Task objective
Copy out exactly the stretch below, from the line with "The perfect amount" through the line with "#banff #banffphotographer", both included; the pictures stay out.

Listed entries
'''

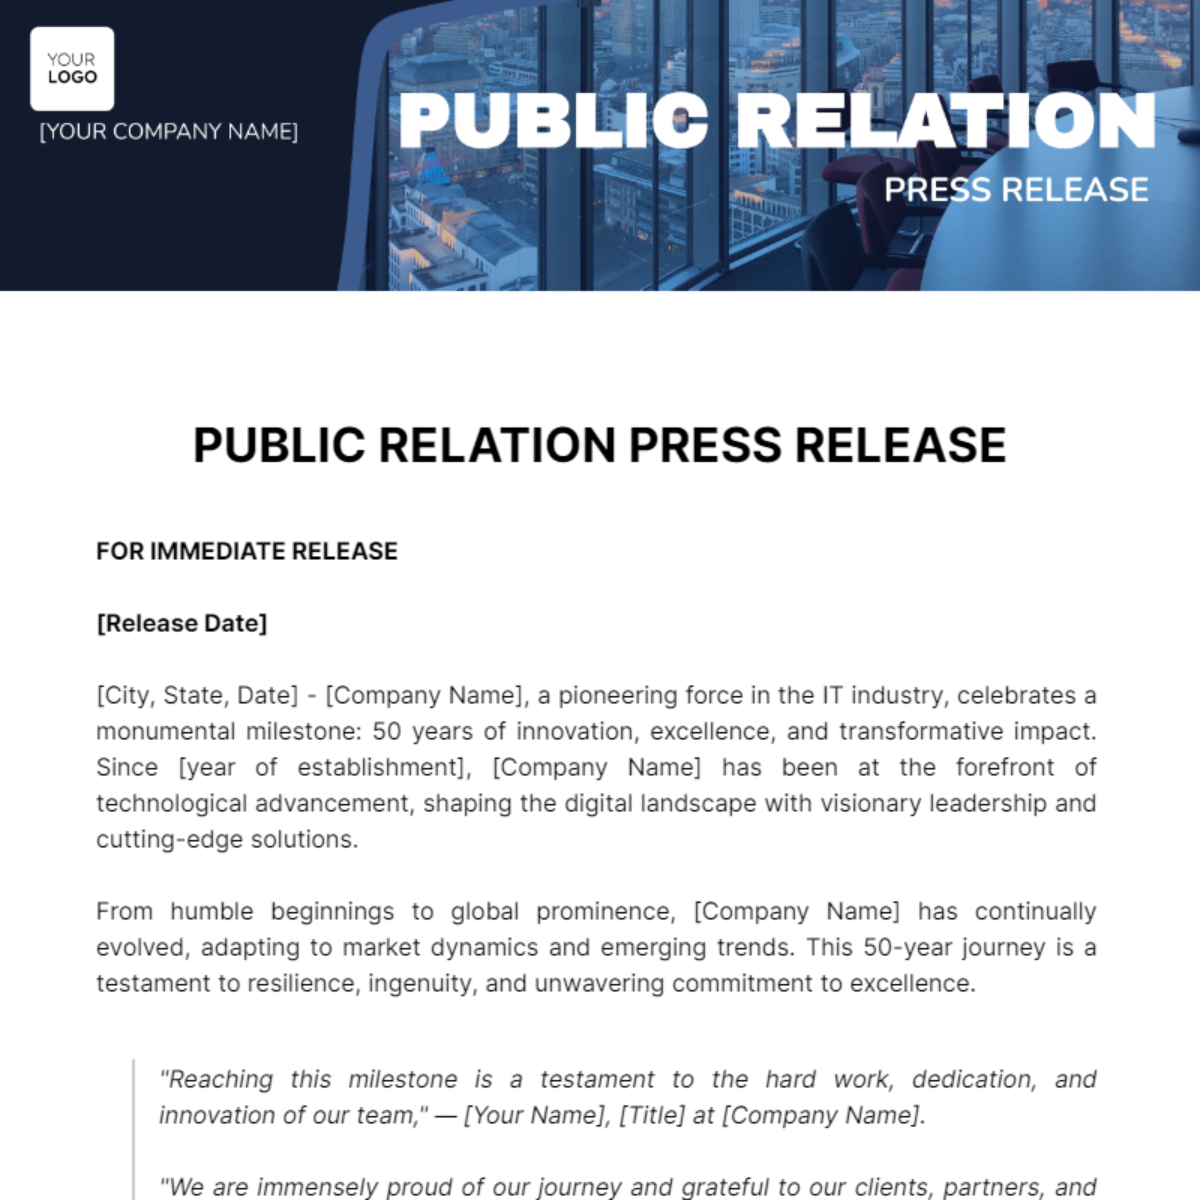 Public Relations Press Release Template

'''
'''

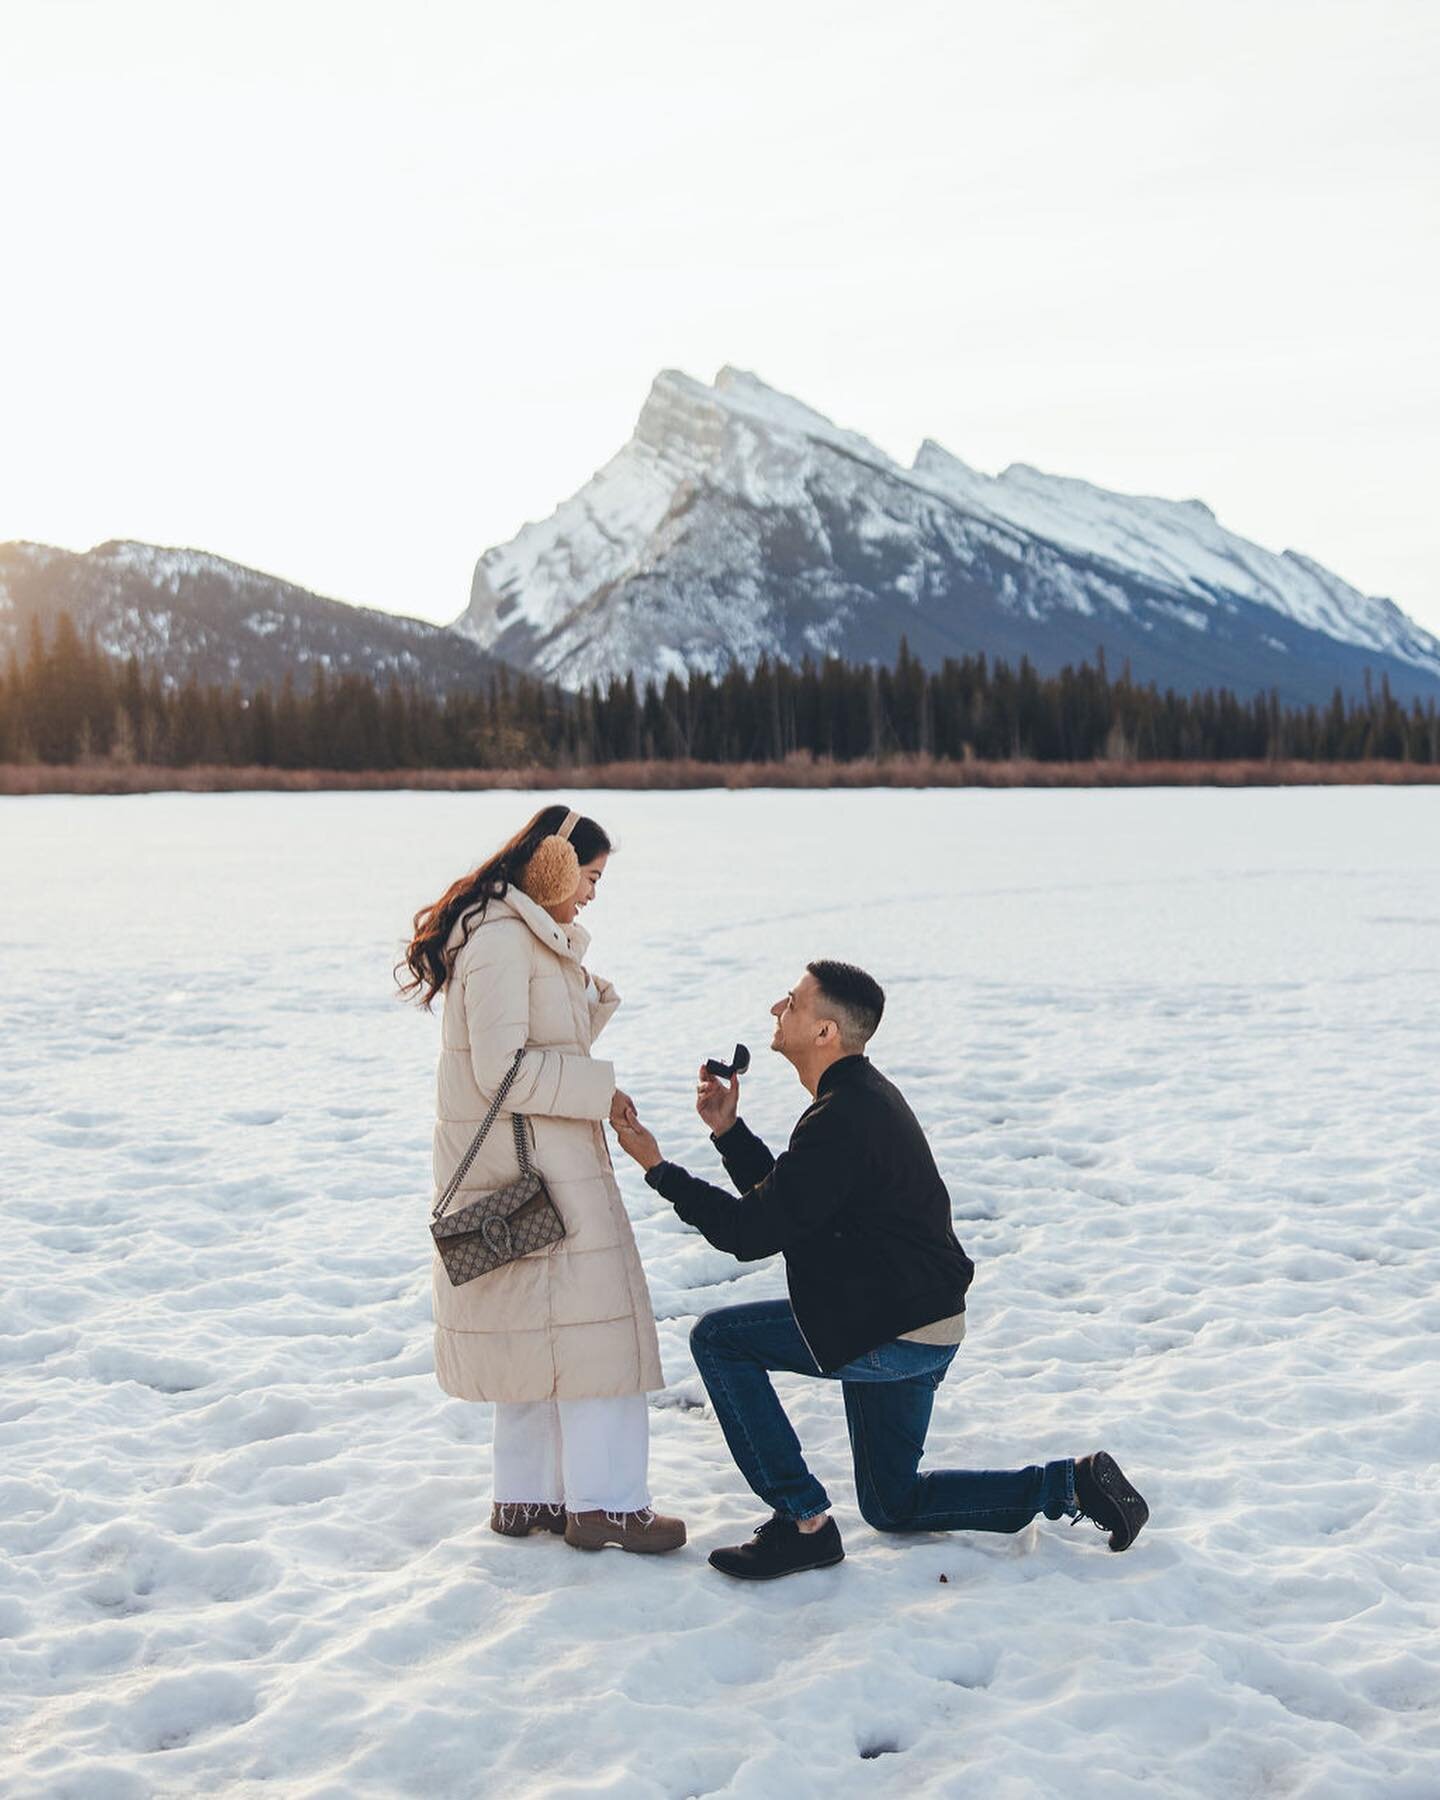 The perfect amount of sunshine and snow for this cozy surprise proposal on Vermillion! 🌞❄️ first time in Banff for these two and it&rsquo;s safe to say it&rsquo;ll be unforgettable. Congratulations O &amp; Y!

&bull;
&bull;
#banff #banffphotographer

'''

Task answer
 The perfect amount of sunshine and snow for this cozy surprise proposal on Vermillion! 🌞❄️ first time in Banff for these two and it&rsquo;s safe to say it&rsquo;ll be unforgettable. Congratulations O &amp; Y!

&bull;
&bull;
#banff #banffphotographer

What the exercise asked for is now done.